Last night's holiday concert was a success.
It's always worse in my head than it actually turns out. The hellish part is assembling 100+ pre-pubescent middle-schoolers - armed with musical instruments - in the school cafeteria for warm-ups & tuning. Inevitably (and despite numerous warnings and death threats on my part), they use that time to do everything that they should NEVER do -- especially before a performance. Like swapping instruments with their friends: the tuba player's playing a flute, the saxophonist - a trumpet. A trombone slide goes missing, a bassoon bocal narrowly misses a 12-year old's retina. And what better time - than in an overheated, overcrowded cafeteria - to yell, scream and play as LOUDLY as you possibly can?
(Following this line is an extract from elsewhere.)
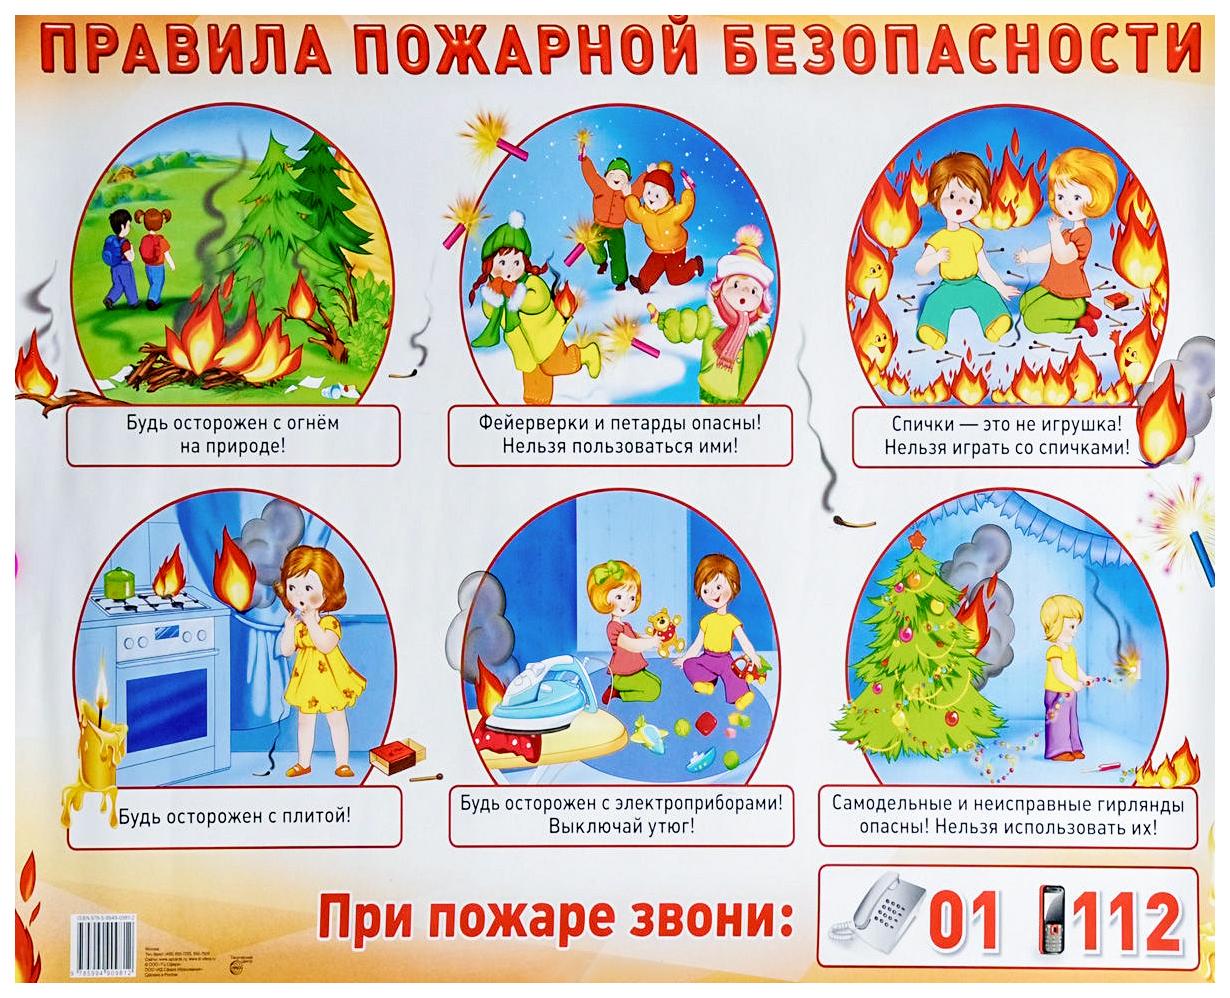 Купить Демонстрационный плакат правила пожарной Безопасности А2, Сфера, Подготовка к школе

But once they get set up, lined up and ushered out onto the stage, the transformation occurs. I stand backstage, awaiting the principal's intro, and gaze out across my fleet of mini-musicians. Sitting there, instruments in their laps, fidgeting with excitement -- tugging at neckties, waving at parents. I walk out, stand before them, they sit up straight - instruments at the ready, their eyes meet mine. I smile -- they relax, and AWAY WE GO!
Months of preparation - frustrating rehearsals, intense break-throughs and bad jokes - pay off in one glorious evening. They come through - they always come through in a clutch. And after the last cutoff, they sit tall, proud. My heart swells and I realize I am one of the luckiest people in the world to do what I do each day.